Just in case someone says that BMIs are for low cardinality columns only and may not apply to your case. Low is probably not as small as you think. The only real issue is concurrency of DML to the table. Must be single threaded or rare for this to work.
Yes, you can give "hints" with the query to Oracle. These hints are disguised as comments ("/* HINT */") to the database and are mainly vendor specific. So one hint for one database will not work on an other database.
I would use index hints here, the first hint for the small table. See here.
On the other hand, if you often search over these two fields, why not create an index on these two? I do not have the right syntax, but it would be something like
CREATE INDEX IX_BAR_AND_FOO on sometable(bar,foo);
This way data retrieval should be pretty fast. And in case the concatenation is unique hten you simply create a unique index which should be lightning fast.
First off, I'll assume that you are talking about nice, normal, standard b*-tree indexes. The answer for bitmap indexes is radically different. And there are lots of options for various types of indexes in Oracle that may or may not change the answer.
At a minimum, if the optimizer is able to determine the selectivity of a particular condition, it will use the more selective index (i.e. the index on bar). But if you have skewed data (there are N values in the column bar but the selectivity of any particular value is substantially more or less than 1/N of the data), you would need to have a histogram on the column in order to tell the optimizer which values are more or less likely. And if you are using bind variables (as all good OLTP developers should), depending on the Oracle version, you may have issues with bind variable peeking.
Potentially, Oracle could even do an on the fly conversion of the two b*-tree indexes to bitmaps and combine the bitmaps in order to use both indexes to find the rows it needs to retrieve. But this is a rather unusual query plan, particularly if there are only two columns where one column is highly selective.
So is Oracle smart enough to search
efficiently here?
The simple answer is "probably". There are lots'o' very bright people at each of the database vendors working on optimizing the query optimizer, so it's probably doing things that you haven't even thought of. And if you update the statistics, it'll probably do even more.
I'm sure you can also have Oracle display a query plan so you can see exactly which index is used first.
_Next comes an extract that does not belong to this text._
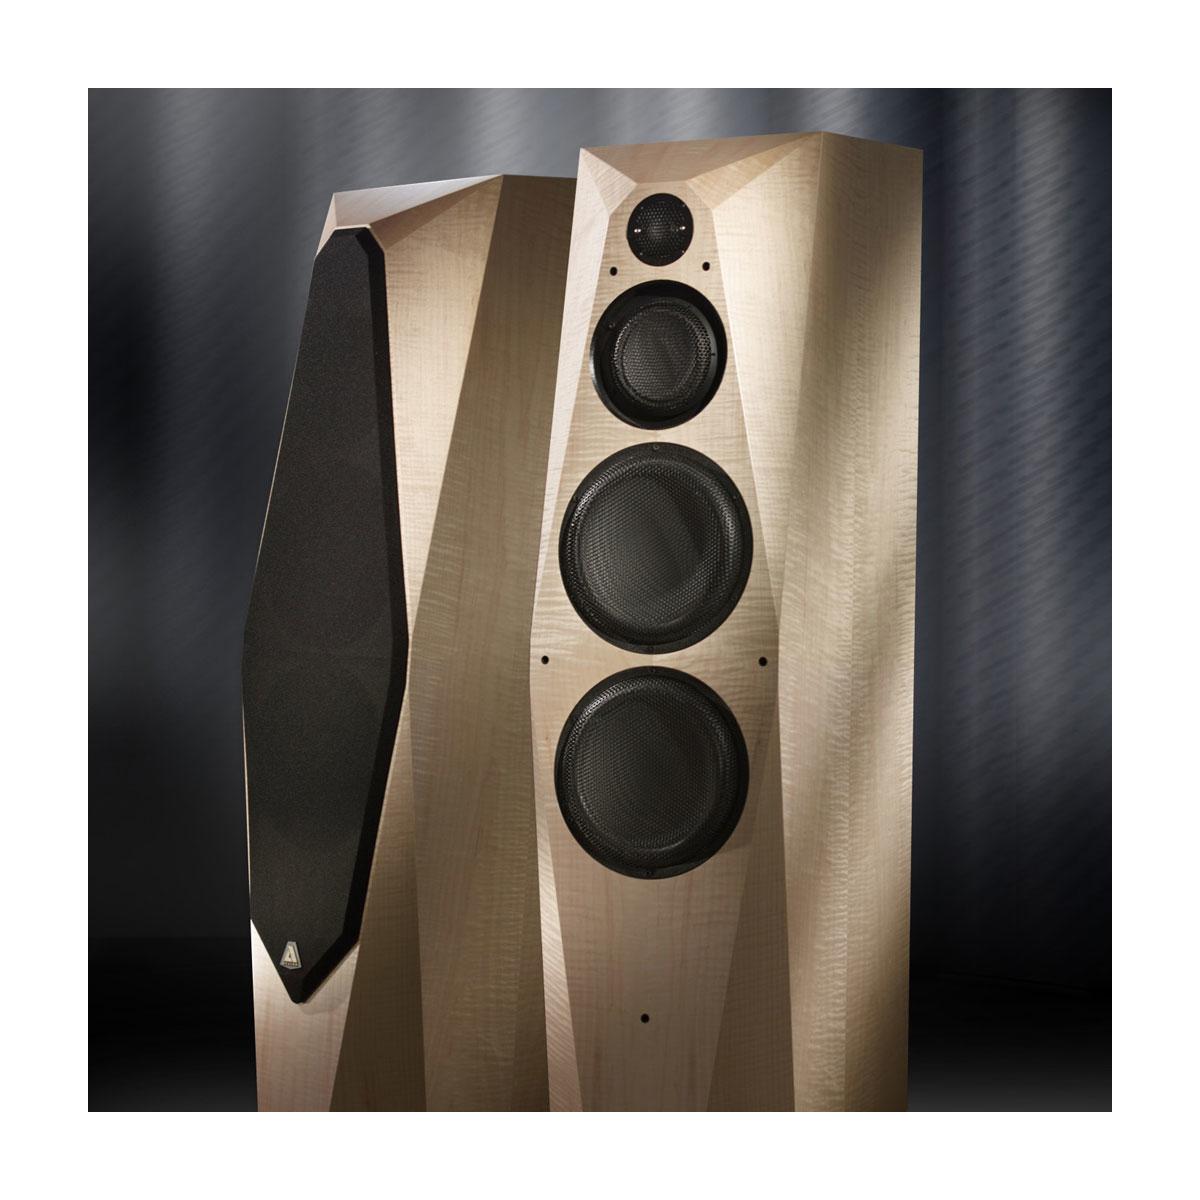 Avalon Acoustics Compas Cherry 特別価格ASK! アヴァロン スピーカーシステム ペア

The best approach would be to add foo to bar's index, or add bar to foo's index (or both). If foo's index also contains an index on bar, that additional indexing level will not affect the utility of the foo index in any current uses of that index, nor will it appreciably affect the performance of maintaining that index, but it will give the database additional information to work with in optimizing queries such as in the example.
It's better than that.
Index Seeks are always quicker than full table scans. So behind the scenes Oracle (and SQL server for that matter) will first locate the range of rows on both indices. It will then look at which range is shorter (seeing that it's an inner join), and it will iterate the shorter range to find the matches with the larger of the two.
You can provide hints as to which index to use. I'm not familiar with Oracle, but in Mysql you can use USE|IGNORE|FORCE_INDEX (see here for more details). For best performance though you should use a combined index.